## EXERCISE INSTRUCTIONS
In the records below, find the line with "[USED] THE MILO -LET ME BEGIN- LP" and the line with "100% Original Dji"; return exactly those lines and every line between them.

Entries taken from a collection

^^^^^^^^

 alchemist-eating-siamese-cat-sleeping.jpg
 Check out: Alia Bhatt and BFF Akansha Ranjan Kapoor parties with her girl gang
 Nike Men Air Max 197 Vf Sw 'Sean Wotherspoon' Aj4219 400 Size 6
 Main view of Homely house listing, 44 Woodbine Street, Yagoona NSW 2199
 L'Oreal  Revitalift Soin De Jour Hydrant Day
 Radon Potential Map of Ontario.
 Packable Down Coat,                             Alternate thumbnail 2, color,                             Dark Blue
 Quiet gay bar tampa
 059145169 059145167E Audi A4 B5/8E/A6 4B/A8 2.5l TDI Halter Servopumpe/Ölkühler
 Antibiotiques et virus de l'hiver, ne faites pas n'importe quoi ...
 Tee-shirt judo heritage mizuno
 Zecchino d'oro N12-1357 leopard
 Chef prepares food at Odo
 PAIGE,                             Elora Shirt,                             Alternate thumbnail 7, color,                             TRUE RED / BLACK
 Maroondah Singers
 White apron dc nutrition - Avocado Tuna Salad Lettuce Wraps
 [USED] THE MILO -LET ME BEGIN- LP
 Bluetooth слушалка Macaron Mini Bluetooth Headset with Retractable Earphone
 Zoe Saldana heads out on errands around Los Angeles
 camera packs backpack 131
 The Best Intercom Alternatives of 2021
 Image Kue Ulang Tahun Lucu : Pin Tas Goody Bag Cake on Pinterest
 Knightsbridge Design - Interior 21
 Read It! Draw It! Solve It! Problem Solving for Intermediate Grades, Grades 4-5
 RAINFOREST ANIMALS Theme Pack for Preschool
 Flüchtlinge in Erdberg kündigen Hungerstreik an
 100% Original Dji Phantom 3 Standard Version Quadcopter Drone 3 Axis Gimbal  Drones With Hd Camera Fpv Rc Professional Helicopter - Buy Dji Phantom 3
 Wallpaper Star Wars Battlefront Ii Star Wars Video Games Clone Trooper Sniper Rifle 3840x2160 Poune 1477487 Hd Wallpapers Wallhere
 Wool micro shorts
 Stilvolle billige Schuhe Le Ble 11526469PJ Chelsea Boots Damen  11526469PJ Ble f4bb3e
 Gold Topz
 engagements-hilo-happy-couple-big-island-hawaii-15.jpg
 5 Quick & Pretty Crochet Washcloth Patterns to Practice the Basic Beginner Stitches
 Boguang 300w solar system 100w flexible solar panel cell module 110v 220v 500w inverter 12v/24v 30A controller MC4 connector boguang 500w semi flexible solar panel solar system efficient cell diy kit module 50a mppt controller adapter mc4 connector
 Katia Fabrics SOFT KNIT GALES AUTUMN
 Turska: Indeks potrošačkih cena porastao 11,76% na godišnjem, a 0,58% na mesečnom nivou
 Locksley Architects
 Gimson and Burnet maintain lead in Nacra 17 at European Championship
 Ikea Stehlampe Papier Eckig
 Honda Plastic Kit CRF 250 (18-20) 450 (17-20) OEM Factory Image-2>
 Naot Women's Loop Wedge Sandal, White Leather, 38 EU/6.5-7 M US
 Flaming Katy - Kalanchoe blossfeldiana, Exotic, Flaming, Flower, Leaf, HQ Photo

^^^^^^^^

## EXERCISE OUTPUT
 [USED] THE MILO -LET ME BEGIN- LP
 Bluetooth слушалка Macaron Mini Bluetooth Headset with Retractable Earphone
 Zoe Saldana heads out on errands around Los Angeles
 camera packs backpack 131
 The Best Intercom Alternatives of 2021
 Image Kue Ulang Tahun Lucu : Pin Tas Goody Bag Cake on Pinterest
 Knightsbridge Design - Interior 21
 Read It! Draw It! Solve It! Problem Solving for Intermediate Grades, Grades 4-5
 RAINFOREST ANIMALS Theme Pack for Preschool
 Flüchtlinge in Erdberg kündigen Hungerstreik an
 100% Original Dji Phantom 3 Standard Version Quadcopter Drone 3 Axis Gimbal  Drones With Hd Camera Fpv Rc Professional Helicopter - Buy Dji Phantom 3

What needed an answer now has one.